Processo nº 41/2014
(Autos de Recurso Civil e Laboral)
Data: 15 de Maio de 2014
ASSUNTO
- Extinção da instância por inutilidade superveniente
SUMÁRIO
- É de declarar a extinção da instância, por inutilidade superveniente, do recurso que tem por objecto a decisão de indeferimento do pedido da suspensão da instância para se aguardar pela decisão judicial a proferir noutro processo, através do qual a ora Recorrente pretende ser reconhecida como unida de facto do falecido XX, para efeitos de sucessão nos termos do art° 1985º do CCM, se no entretanto todos os bens do inventaria foram adjudicados, por sentença transitada em julgado, à cônjuge sobreviva do de cujus.
O Relator,
Ho Wai Neng
Processo nº 41/2014
(Autos de Recurso Civil e Laboral)
Data: 15 de Maio de 2014
Recorrente: A
Objecto do Recurso: Despacho que indeferiu o pedido de suspensão dos autos
ACORDAM OS JUÍZES NO TRIBUNAL DE SEGUNDA INSTÂNCIA DA R.A.E.M.:
I – Relatório
Por despacho de 06/09/2012, foi indeferido o pedido da suspensão da instância da Recorrente, A.

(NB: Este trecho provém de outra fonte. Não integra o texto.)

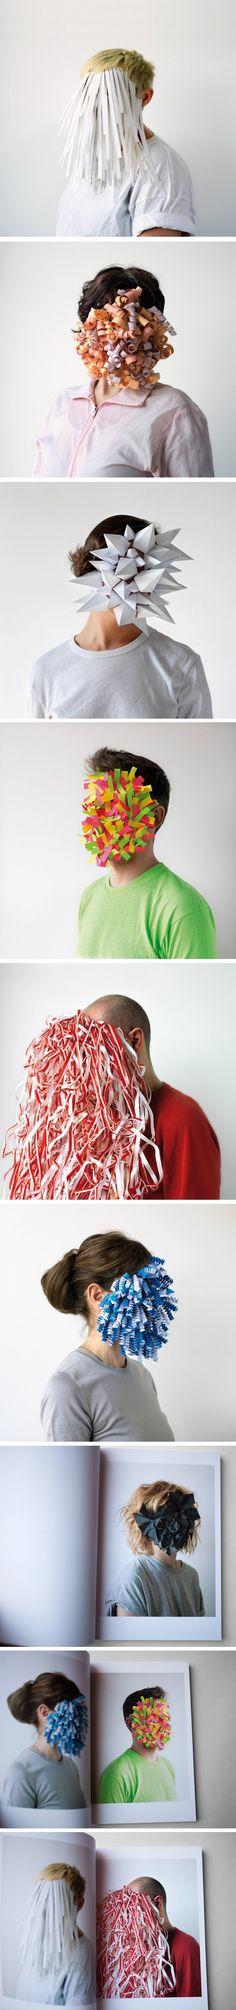 Visages en papier pour une campagne de pub Cette série de créations en papier a été réalisée par le designer graphique basé à Barcelone, Héctor Sos en coll

Dessa decisão vêm recorrer a Recorrente, alegando, em sede de conclusão, o seguinte:
1. O despacho ora recorrido ao indeferir o pedido de suspensão dos autos enquanto a Recorrente faz prova do seu estado civil, implica a negação dos seus direitos como herdeira de acordo com o artigo 1985.º do Código Civil.
2. A Recorrente entende que o esclarecimento do seu estado civil para além de restituir a verdade também lhe honra, pois, ela sabe o que viveu e como viveu com o de cujus por mais de 10 anos!
3. A Recorrente apenas pretende que a Justiça lhe conceda um prazo, um tempo razoável para provar que era mulher do falecido.
4. A verdade pessoal corresponde a um direito de personalidade que merece proteção jurídica de acordo com o artigo 81.º do Código Civil.
5. A Recorrente pretende assim ver reconhecida na Lei a sua verdade pessoal, que aliás, é do conhecimento das pessoas que com ela e com o falecido conviviam.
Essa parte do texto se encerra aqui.